Department of Chemistry, University of Georgia, Athens, GA 30602, USA.
Biochemistry. 2012 Aug 21;51(33):6527-33. doi: 10.1021/bi300632k. Epub 2012 Aug 10.
The effects of pH and hydrostatic pressure on the reaction of H463F tryptophan indole-lyase (TIL) have been evaluated. The mutant TIL shows very low activity for elimination of indole but is still competent to form a quinonoid intermediate from l-tryptophan [Phillips, R. S., Johnson, N., and Kamath, A. V. (2002) Biochemistry 41, 4012-4019]. Stopped-flow measurements show that the formation of the quinonoid intermediate at 505 nm is affected by pH, with a bell-shaped dependence for the forward rate constant, k(f), and dependence on a single basic group for the reverse rate constant, k(r), with the following values: pK(a1) = 8.14 ± 0.15, pK(a2) = 7.54 ± 0.15, k(f,min) = 18.1 ± 1.3 s(-1), k(f,max) = 179 ± 46.3 s(-1), k(r,min) = 11.4 ± 1.2 s(-1), and k(r,max) = 33 ± 1.6 s(-1). The pH effects may be due to ionization of Tyr74 as the base and Cys298 as the acid influencing the rate constant for deprotonation. High-pressure stopped-flow measurements were performed at pH 8, which is the optimum for the forward reaction. The rate constants show an increase with pressure up to 100 MPa and a subsequent decrease above 100 MPa. Fitting the pressure data gives the following values: k(f,0) = 15.4 ± 0.8 s(-1), ΔV(‡) = -29.4 ± 2.9 cm(3) mol(-1), and Δβ(‡) = -0.23 ± 0.03 cm(3) mol(-1) MPa(-1) for the forward reaction, and k(r,0) = 20.7 ± 0.8 s(-1), ΔV(‡) = -9.6 ± 2.3 cm(3) mol(-1), and Δβ(‡) = -0.05 ± 0.02 cm(3) mol(-1) MPa(-1) for the reverse reaction. The primary kinetic isotope effect on quinonoid intermediate formation at pH 8 is small (~2) and is not significantly pressure-dependent, suggesting that the effect of pressure on k(f) may be due to perturbation of an active site preorganization step. The negative activation volume is also consistent with preorganization of the ES complex prior to quinonoid intermediate formation, and the negative compressibility may be due to the effect of pressure on the enzyme conformation. These results support the conclusion that the preorganization of the H463F TIL Trp complex, which is probably dominated by motion of the l-Trp indole moiety of the aldimine complex, contributes to quinonoid intermediate formation.
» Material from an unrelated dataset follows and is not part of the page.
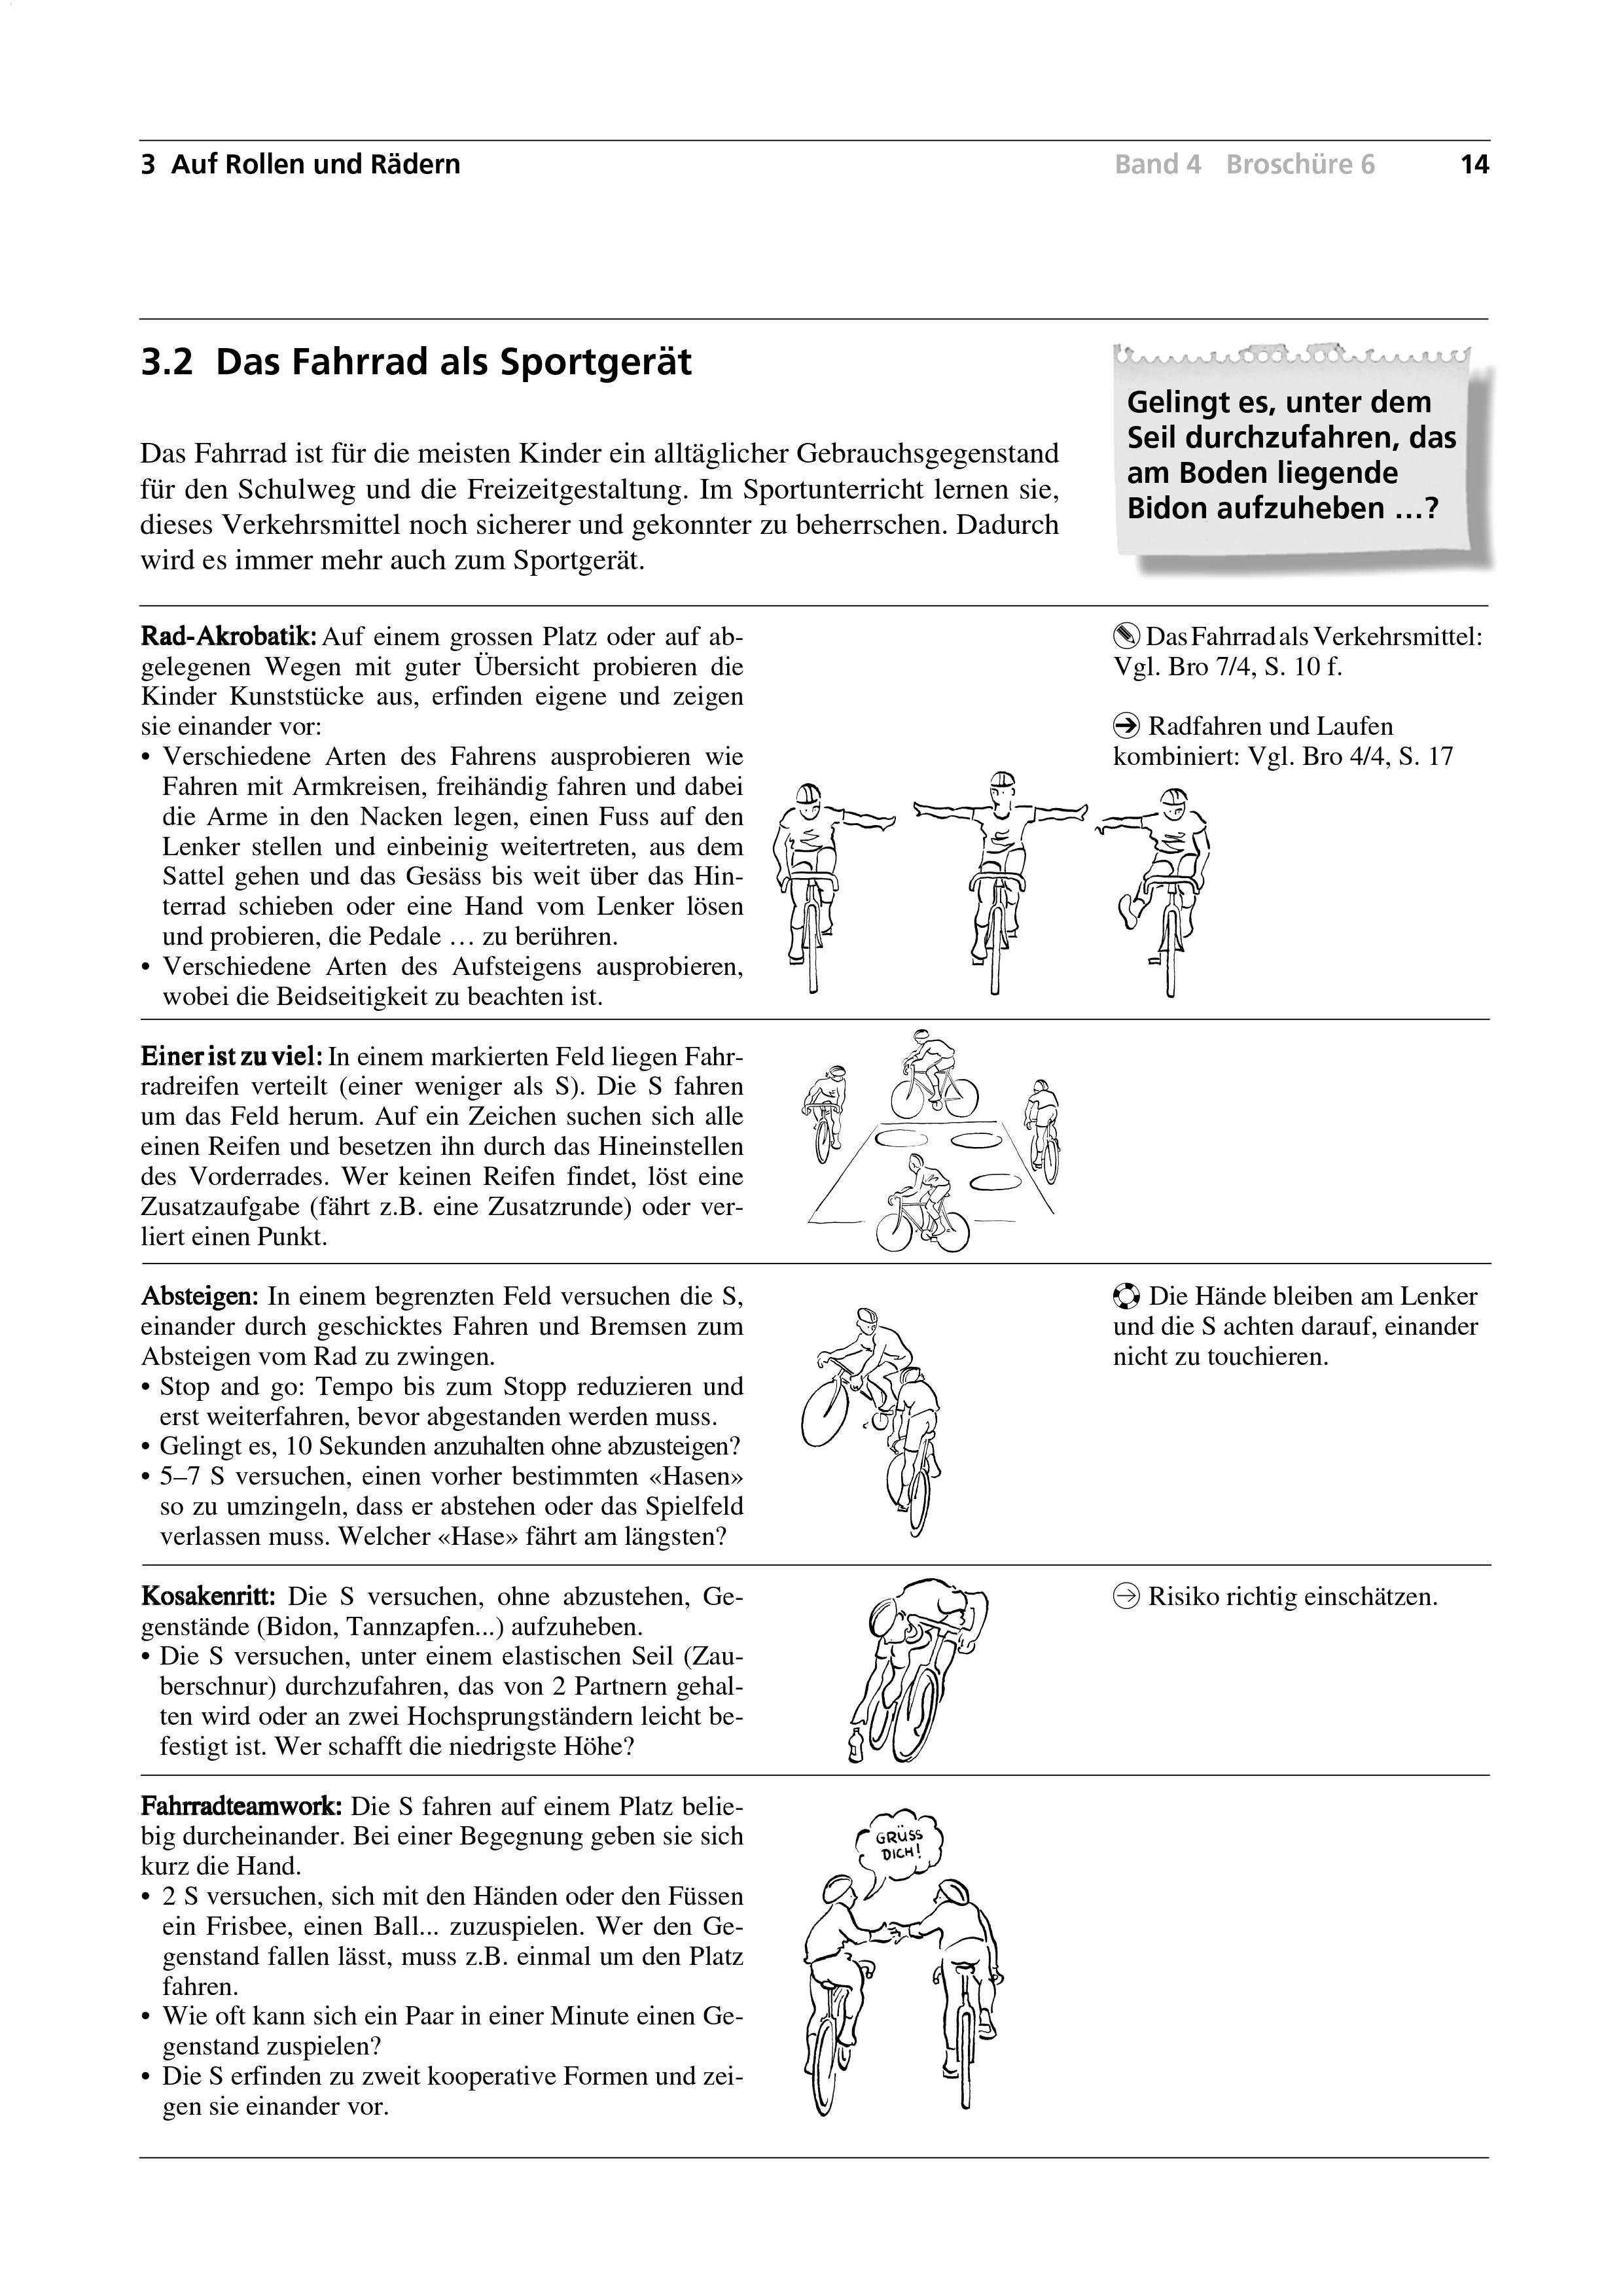 Preview image for LOM object Das Fahrrad als Sportgerät

已评估 pH 值和静压对 H463F 色氨酸吲哚-lyase(TIL)反应的影响。该突变体 TIL 对吲哚的消除活性非常低,但仍能从 l-色氨酸形成醌型中间体[Phillips,R.S.,Johnson,N.,和 Kamath,A.V.(2002)生物化学 41,4012-4019]。停流测量显示,505nm 处醌型中间体的形成受 pH 值影响,正向速率常数 k(f)呈钟形依赖性,反向速率常数 k(r)依赖于单个碱性基团,其值如下:pK(a1)=8.14±0.15,pK(a2)=7.54±0.15,k(f,min)=18.1±1.3s(-1),k(f,max)=179±46.3s(-1),k(r,min)=11.4±1.2s(-1),k(r,max)=33±1.6s(-1)。pH 值的影响可能是由于 Tyr74 作为碱和 Cys298 作为酸的离解,影响去质子化的速率常数。在 pH 8 下进行了高压停流测量,这是正向反应的最佳 pH 值。速率常数在 100 MPa 以下随压力增加而增加,在 100 MPa 以上随压力增加而减小。拟合压力数据得到以下值:k(f,0)=15.4±0.8s(-1),ΔV(‡)=-29.4±2.9cm(3)mol(-1),Δβ(‡)=-0.23±0.03cm(3)mol(-1)MPa(-1)对于正向反应,k(r,0)=20.7±0.8s(-1),ΔV(‡)=-9.6±2.3cm(3)mol(-1),Δβ(‡)=-0.05±0.02cm(3)mol(-1)MPa(-1)对于反向反应。在 pH 8 时形成醌型中间体的初级动力学同位素效应较小(约为 2),且对压力的依赖性不明显,表明压力对 k(f)的影响可能是由于活性位点预组织步骤受到干扰。负的活化体积也与形成醌型中间体之前 ES 复合物的预组织一致,负的可压缩性可能是由于压力对酶构象的影响。这些结果支持这样的结论,即 H463F TIL Trp 复合物的预组织,可能由醛亚胺复合物中 l-Trp 吲哚部分的运动主导,有助于醌型中间体的形成。